Kaldırdığı kupayı tekrar yerine koyup üstüne kısa bir süre göz atan Jeong 'Şey galiba haklısın' dedi ve ayağa kalkıp odasına giyinmeye gitti. Holdinge gitmek için hazırlandıktan sonra aşağı indiğinde Yuhwa'yı görememişti. Arabasının anahtarlarını alıp hızla dışarı çıktı, o sırada büyük demir kapıdan çıkmak üzere olan Yuhwa'yı fark edince koşup yetişti.

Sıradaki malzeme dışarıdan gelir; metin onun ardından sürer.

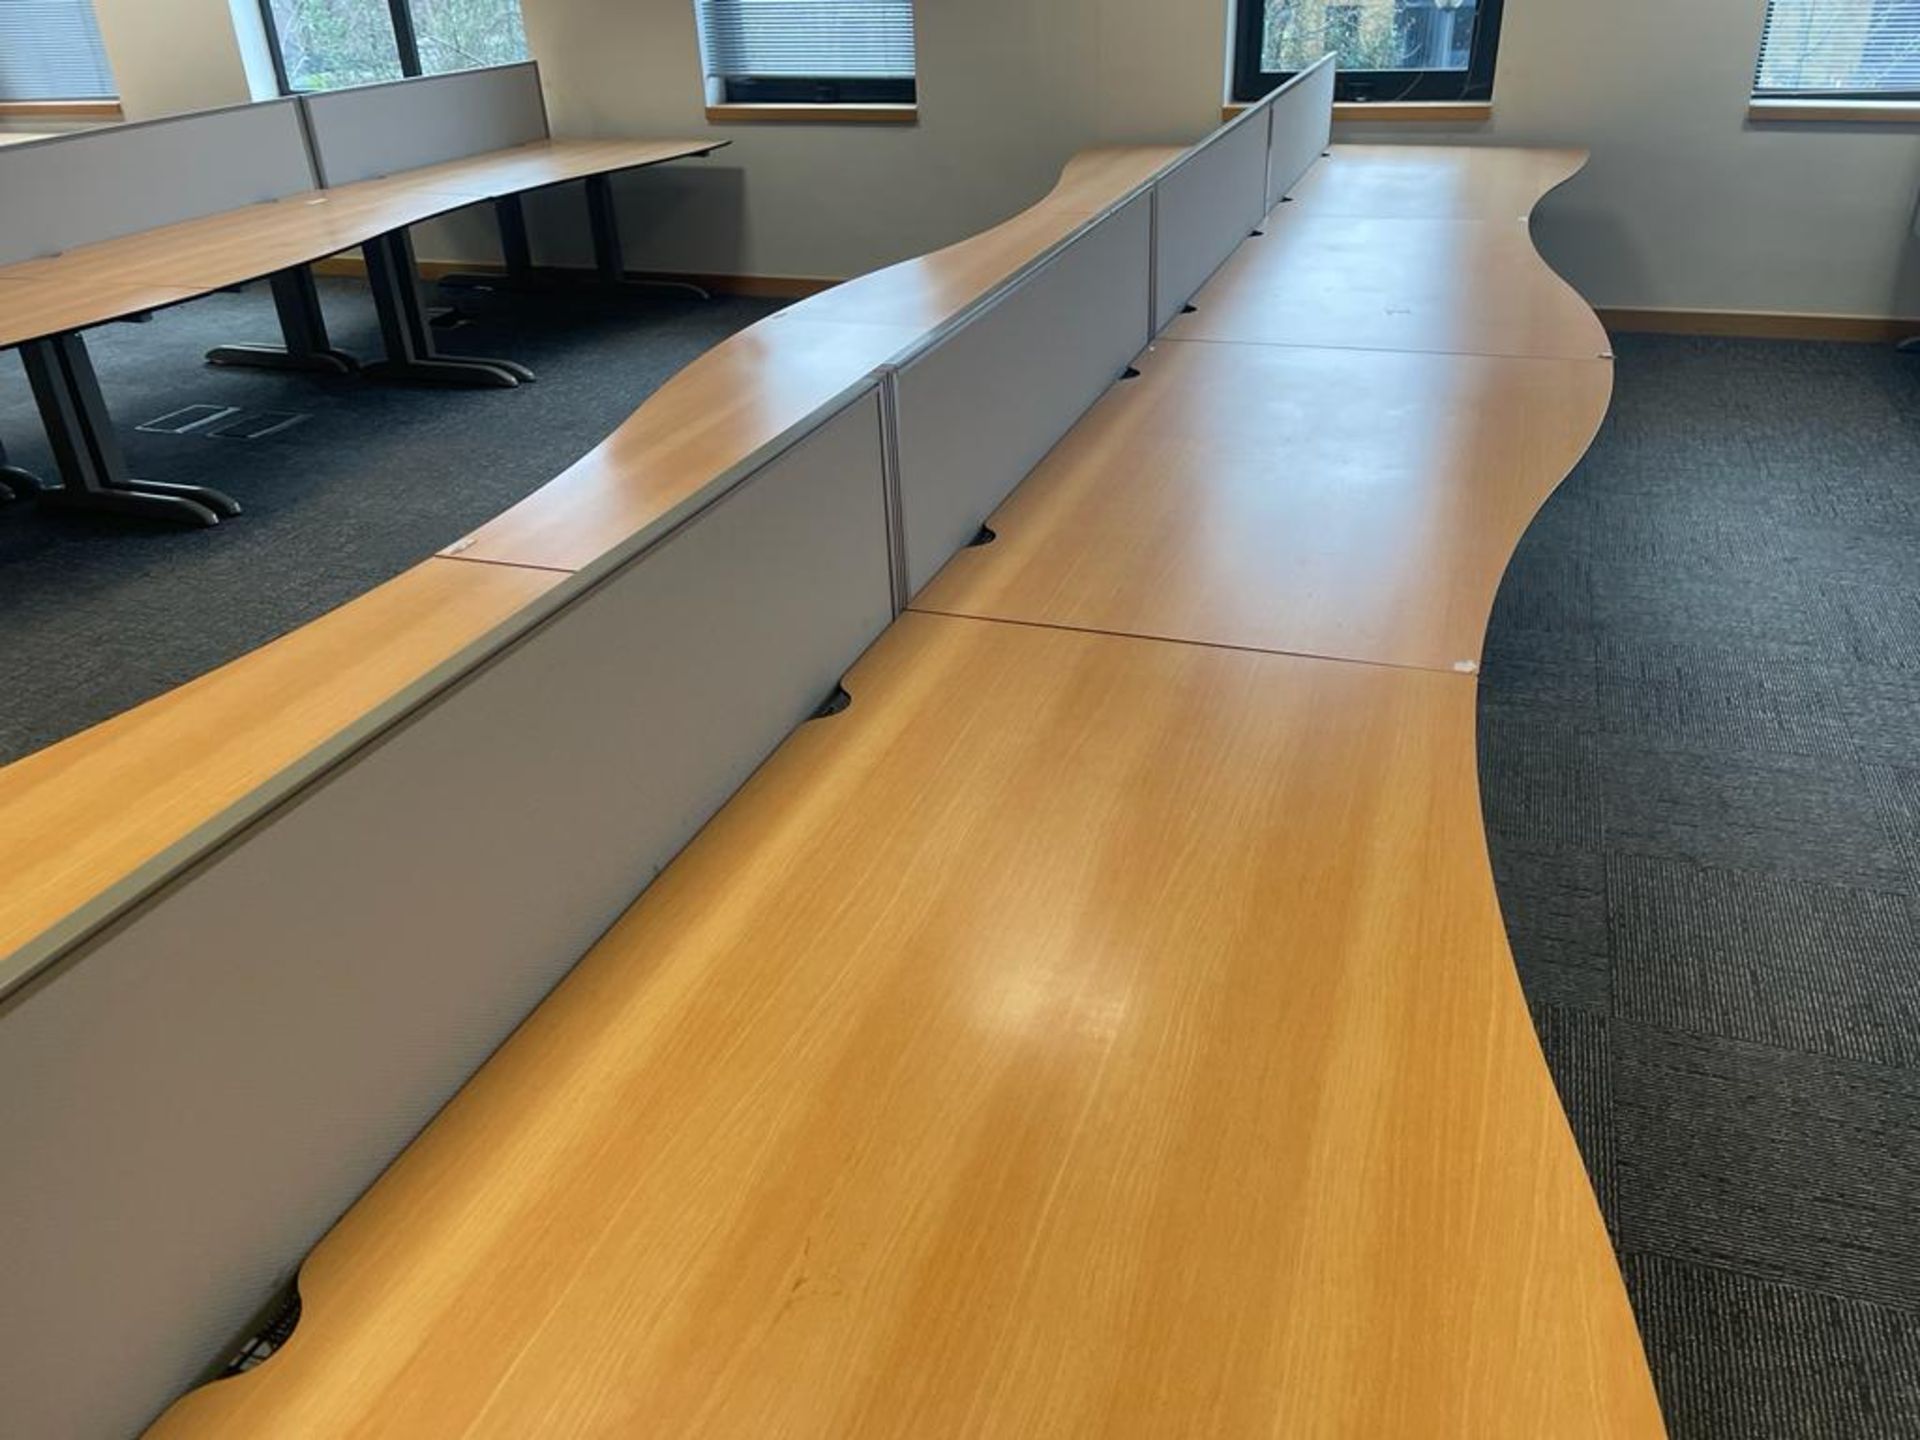 4 x Techo Wave Office Desks With Privacy Panels and Cable Tidy Cages - Beech Wood Finish - Image 3 of 17

Biranda kolundan tutulup çekilmesiyle neye uğradığını şaşıran Yuhwa kulaklığını ve şapkasını çıkarıp şaşkın gözlerle Jeong'a baktı. Jeong'un 'Nereye gidiyorsun?' sorusuna sakin bir şekilde 'Şirkete' diye cevap veren Yuhwa, gözlerini kocasının o ışıl ışıl gözlerine dikmişti.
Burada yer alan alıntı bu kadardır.